I couldn't get the Phantoms words out of my head as I got up the next morning—tired from the late night escapade but also strangely refreshed as if something major had just happened in my life. But what? I ran down the stairs—nearly barreling into Lettie as I went.

"And where did this Mad Cow disease come from?" Lettie asked me in amusement as I just rolled my eyes at her before looking down the stairs curiously.

"Where is everyone?" I asked as she pointed down below with an uneasy expression.

"In the courtyard." Lettie answered as I nodded at her before continuing down. Her wary expression told me it was something I didn't want to be involved with, but I scurried anyway. The French doors across from the ballroom beckoned to me, and I headed toward them with this strange feeling of excitement. Even in daylight, the night hadn't lost its magic. It really was like the play. I couldn't get the guy out of my head. I even found myself humming to the tune of "Music of the Night."

"Not planning a stint on Broadway, are you?" A voice asked from behind me, and I turned quickly to find Tommy standing there—leaning against the side of the French doors as if he had reason to be there too. I took in a deep breath as I perused him from the top of his dark, perfectly styled hair to his blue piercing gaze. A chill ran down my spine.

"I was just looking for everyone." I replied vaguely—hoping he'd forget my lack in judgment by letting my character slip through me during the day. He shrugged.

"They're outside, but I refuse to let you join them." He commented wryly as I raised a brow. Who was he to order me around? I brushed past him as he shook his head at me until I noticed why he didn't want me there, and I smiled. Hmmmm…they were involved in a nice little archery tournament. I'm sorry, but I couldn't help but laugh before shrugging.

"I don't know. I'm feeling lucky today. Want to try a few with me?" I asked him on a smile as he backed away in mock horror while rubbing his rear.

"No thank you. I have a nice little reminder from the last time." He stated simply as Chaz walked through the door just then—obviously having heard part of the conversation.

"You just need proper direction, that's all. Why don't you come on out, Jude. I'll tutor you myself." Chaz stated on a grin as he glanced suddenly behind me over my shoulder. I peeked only a second to see him watching Lettie from the doorway. No way! Chaz and Tommy's sister? Yeah right! Tommy's eyes narrowed at the thought of Chaz helping me and he unwrapped himself from the wall before heading over suddenly.

"I've always been a better shot than you, Chaz. Better let me take it from here." Tommy proclaimed as Chaz shrugged. He didn't look like he cared much either way—not if his current stare had anything to say about it. Geez, men were so dense. I couldn't believe that Tommy hadn't noticed yet.

"Let's take this outside." Tommy uttered suddenly in a low tone in my ear and I shuddered.
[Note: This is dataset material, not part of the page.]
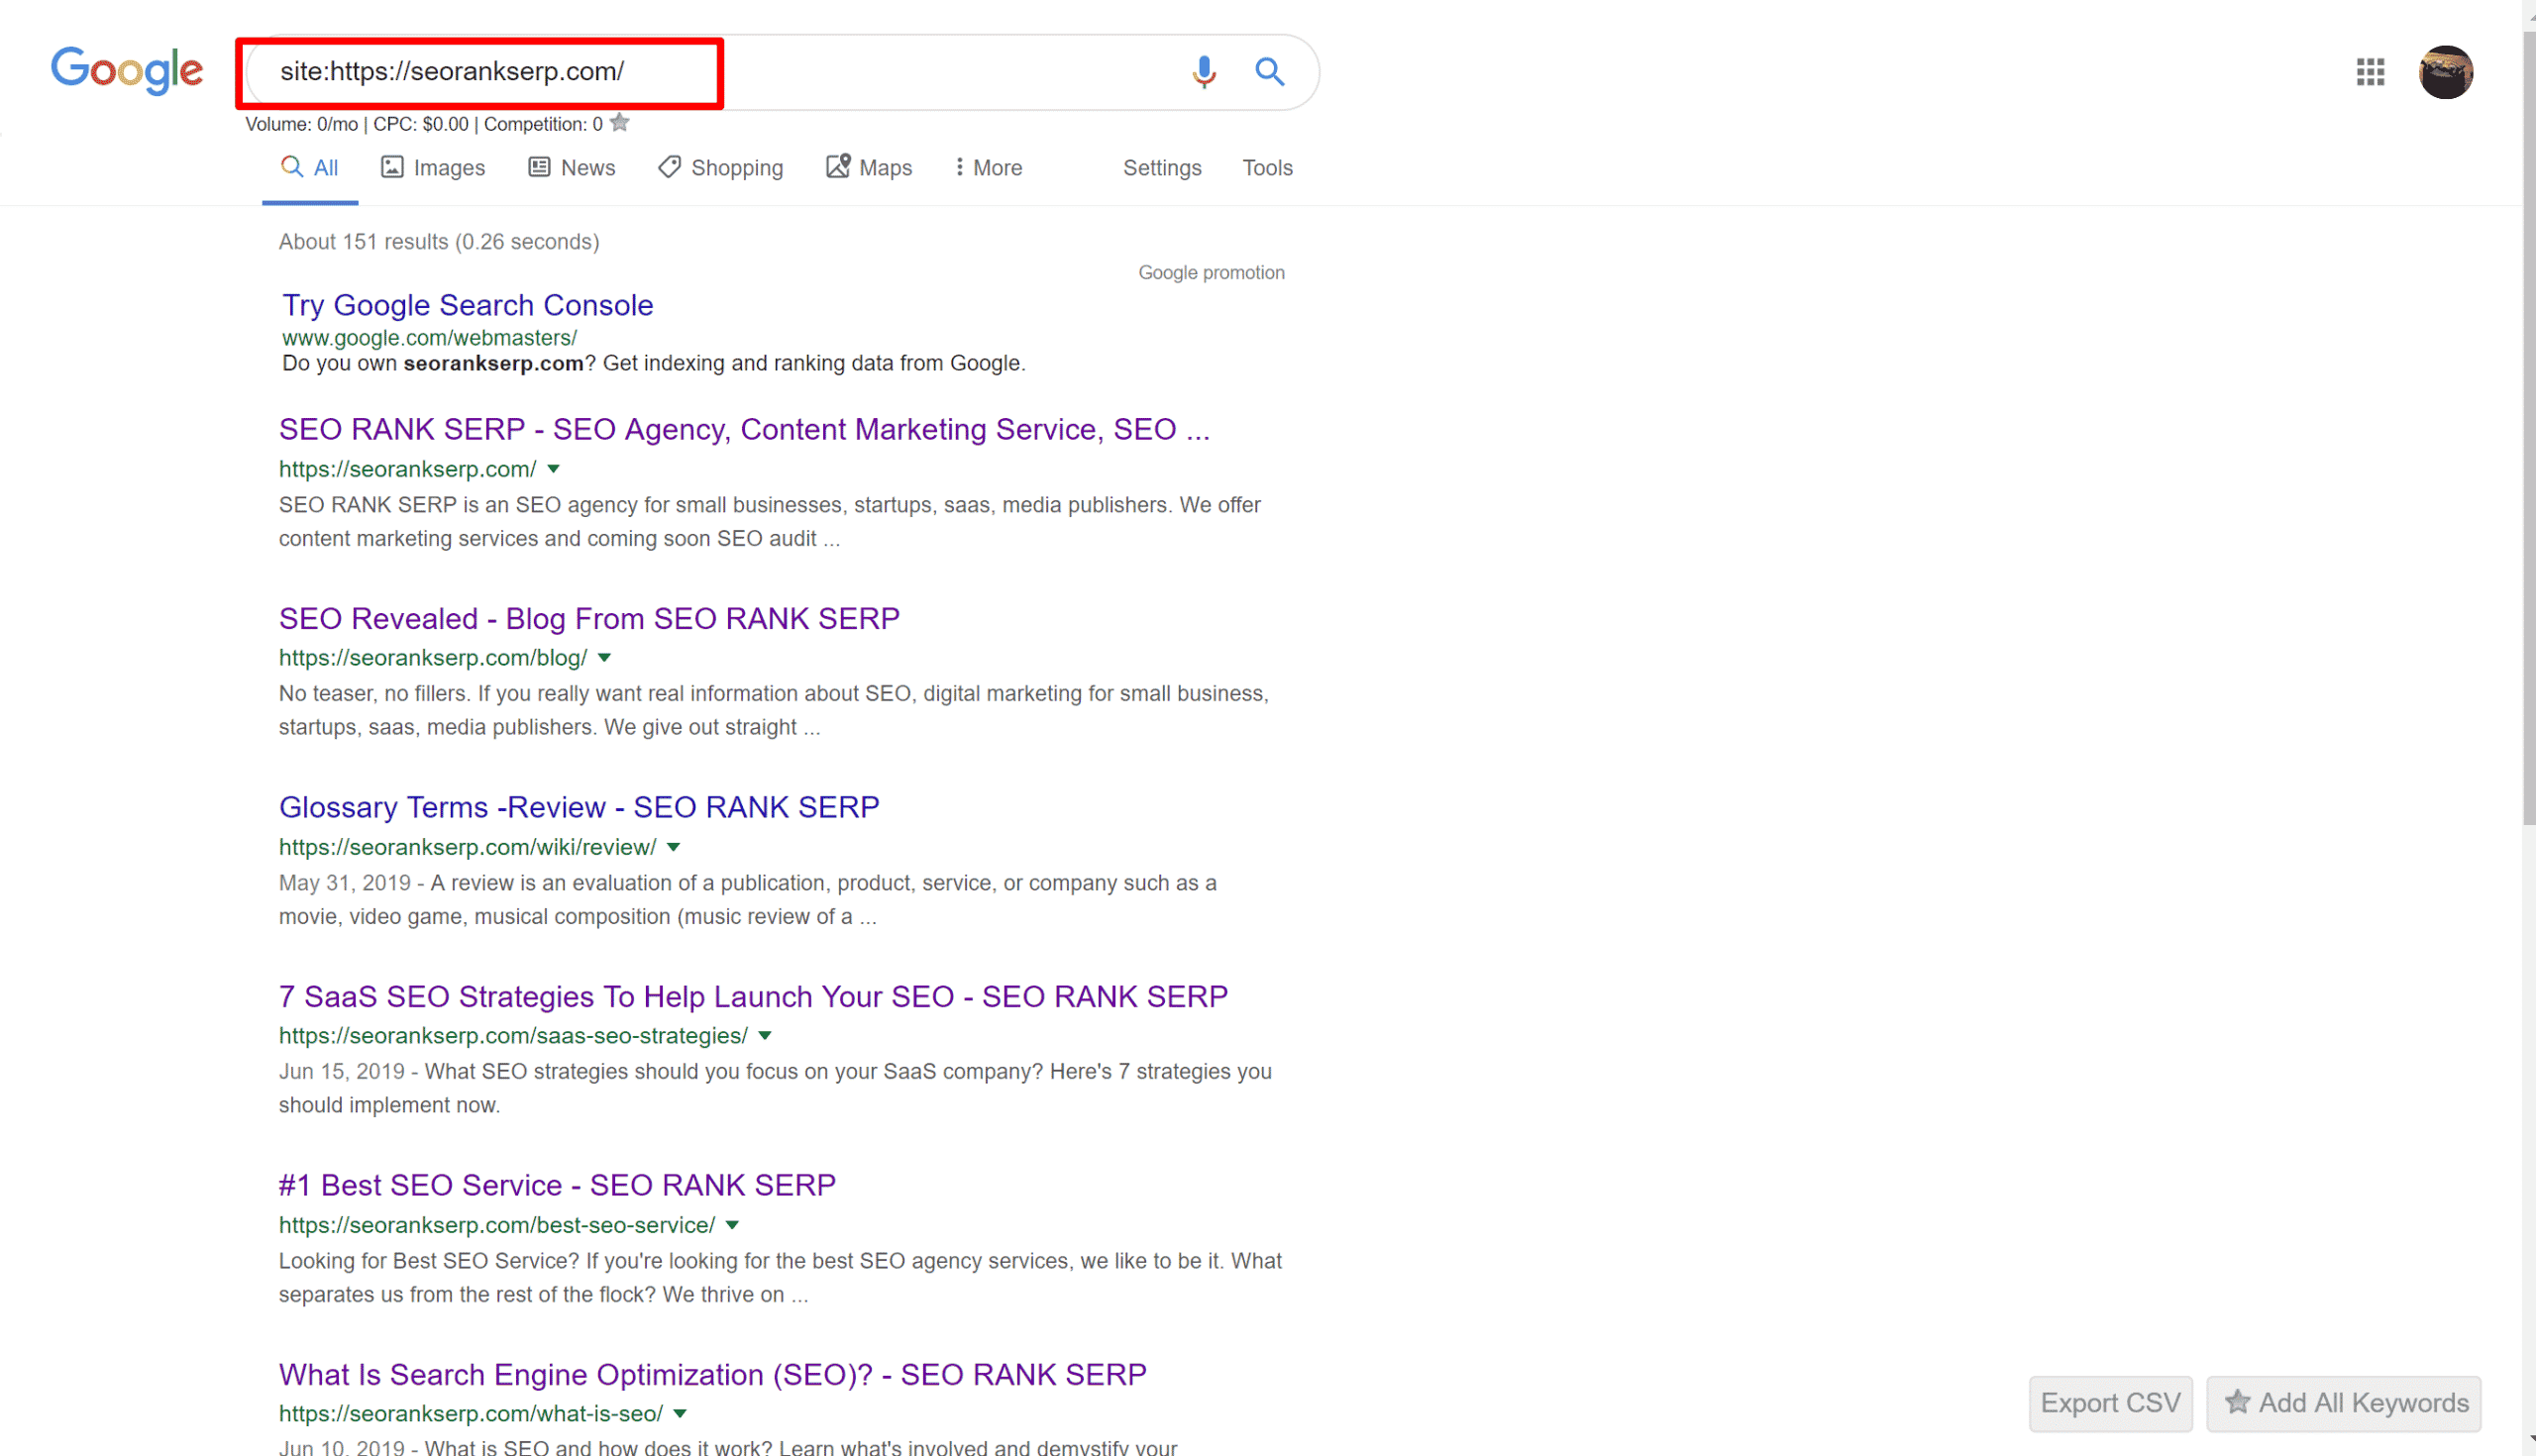 google search site:http://seorankserp.com/

His voice suddenly reminded me of someone. I looked up into his very blue eyes again. No, that just wasn't possible. Then who was 'my' Phantom, and when did I start thinking of him as 'my' Phantom.

I pushed at Tommy as he led me over to an empty spot on the family's range.
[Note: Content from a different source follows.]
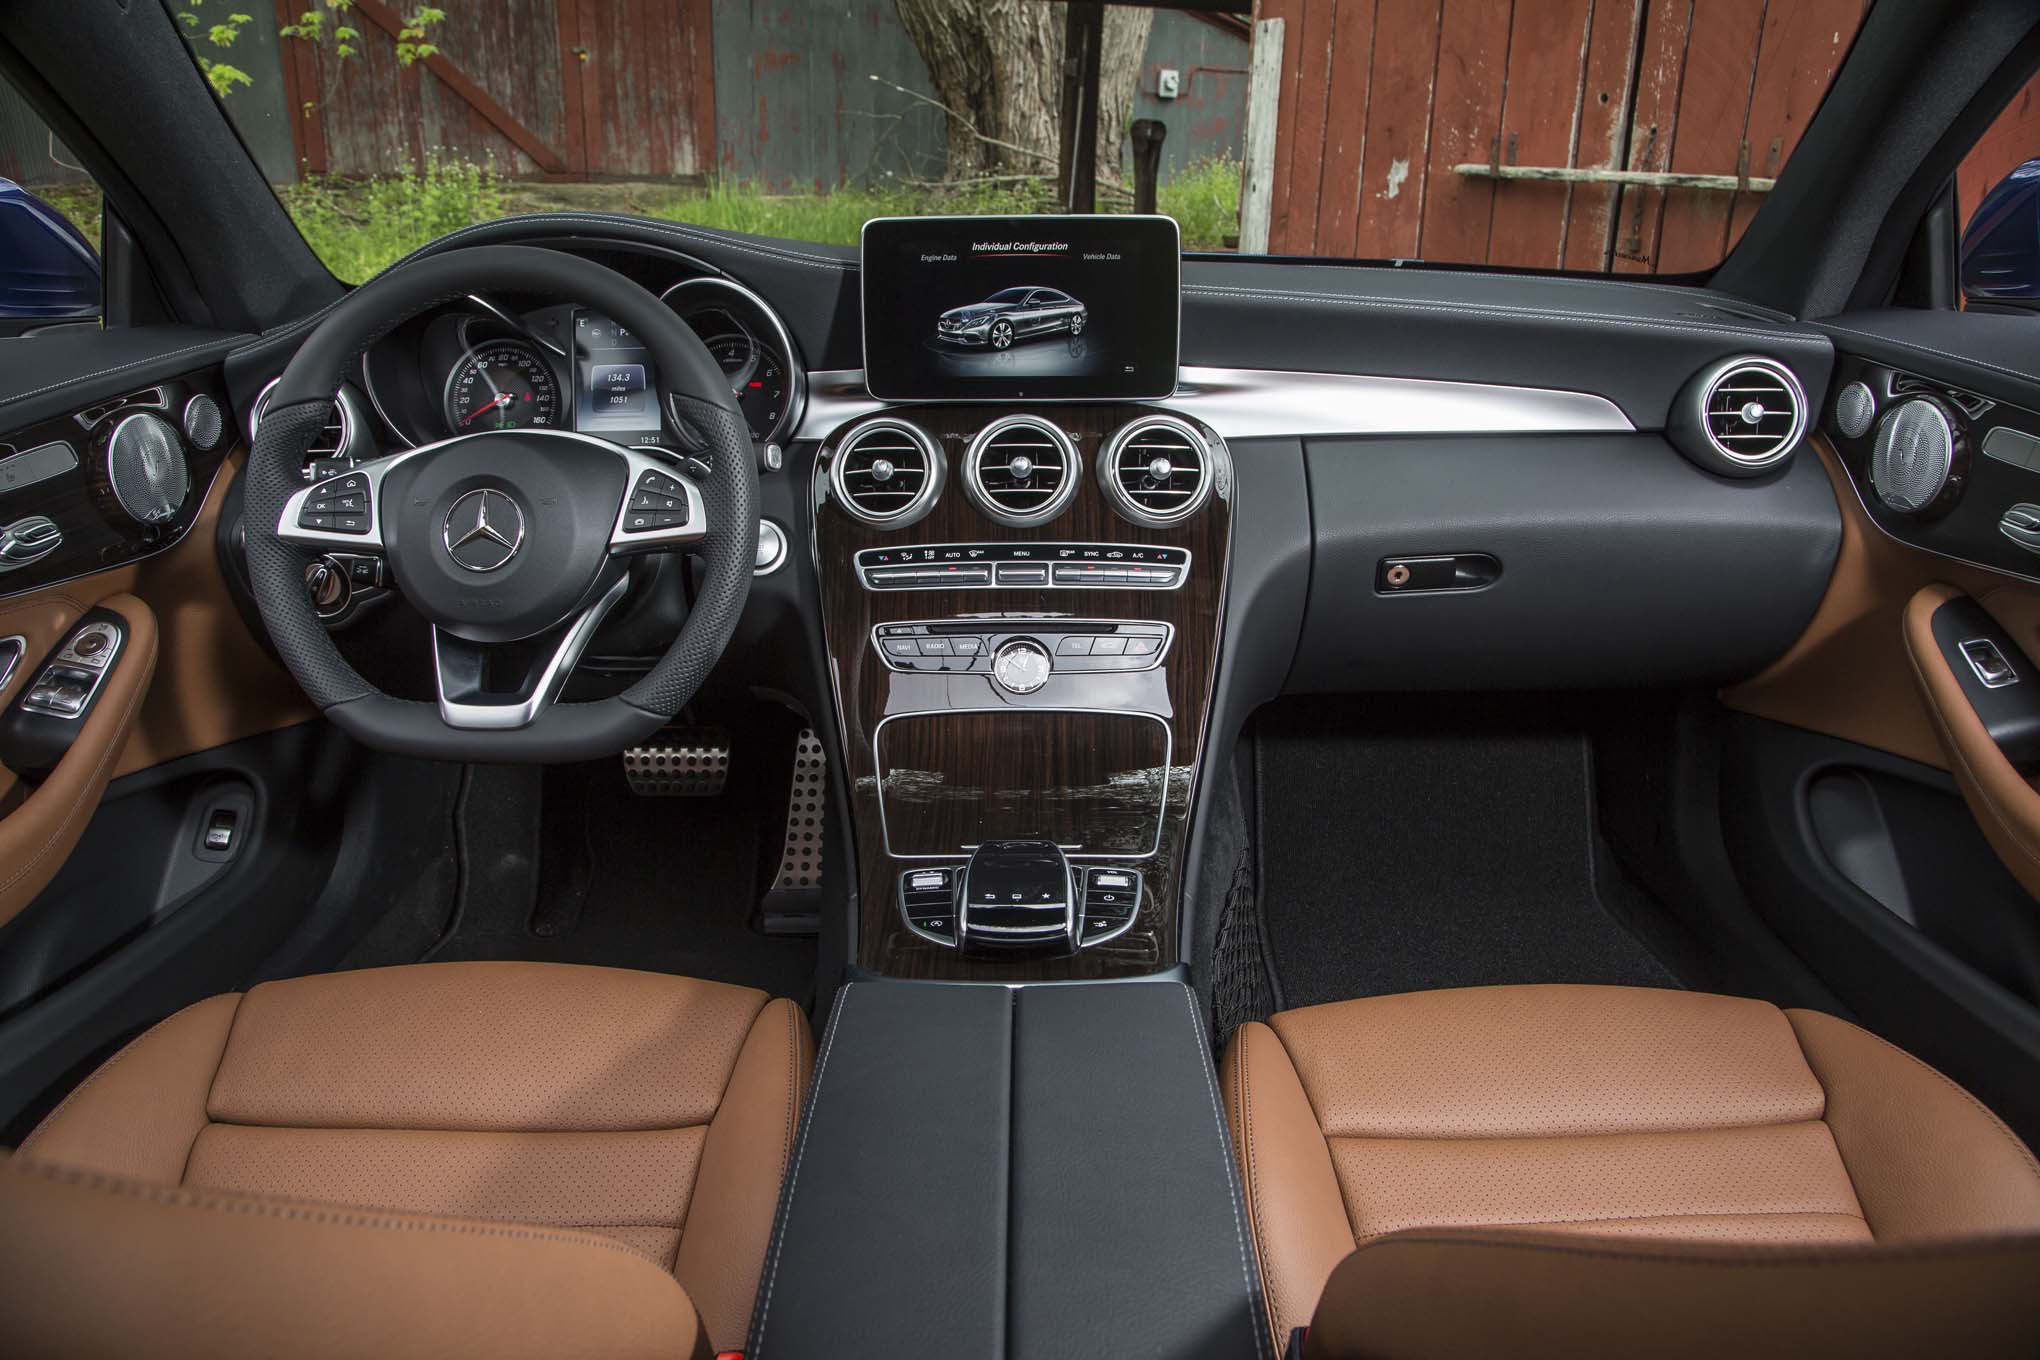 2017-Mercedes-Benz-C300-coupe-interior-view-03.jpg

"Maybe this isn't such a good idea after all." I replied hesitantly as Tommy just chuckled near my ear. There it was again—that familiar chill. He lifted up a bow before grabbing an arrow and coming to stand behind me.

"Might as well teach you the right way. It'll save a lot of people's asses." He stated simply as I tried not to laugh—really I did. I snickered instead as He lifted up my arms and placed them the way that they were supposed to be along the bow, and then he strung the arrow.
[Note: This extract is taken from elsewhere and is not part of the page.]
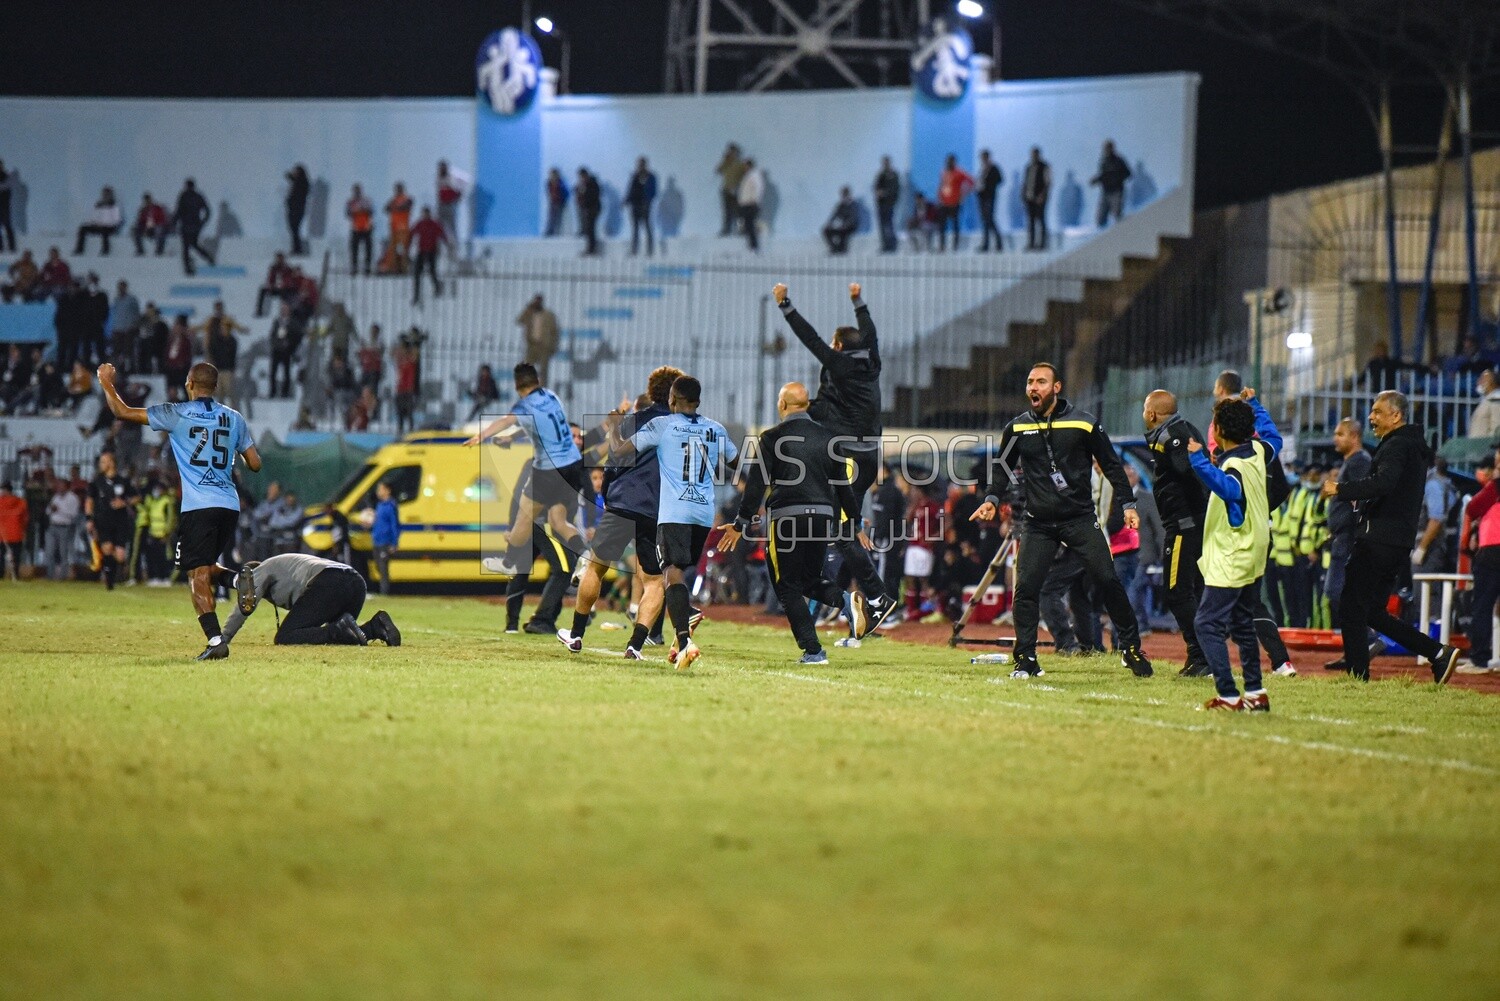 Football team members celebrate winning the match

"Just relax." He whispered into my ear as he pushed down on my elbow. "The arrow doesn't like tension. Its has to be released just so." He whispered again as I felt electric tingles transverse my spin when he ran a finger down the side of my elbow. He seemed to sigh as he moved in closer behind me—aligning our bodies so that they fit like a puzzle piece. His hands closed over mine.

"Now pull back gently until you feel the arrow go as far back as it will let you. Keep your arm steady and don't lift your elbow." He instructed quietly as he pulled back on the string. I watched our combined fingers with fascination. When had fingers become so very fascinating? He stopped suddenly as I looked up at him. His eyes met mine.

"Now let go." He stated as we both released the arrow simultaneously—still looking up into each other's eyes. It was almost like the lesson was a metaphor—so the arrow didn't like tension, it had to learn to be let go. Yep, definitely a metaphor. A yelp brought us back to our senses and I covered my moth up with my hands as I saw where our shot had gone. It had landed right in the middle of a roasted duck being set out for the afternoon meal. Tom snickered too.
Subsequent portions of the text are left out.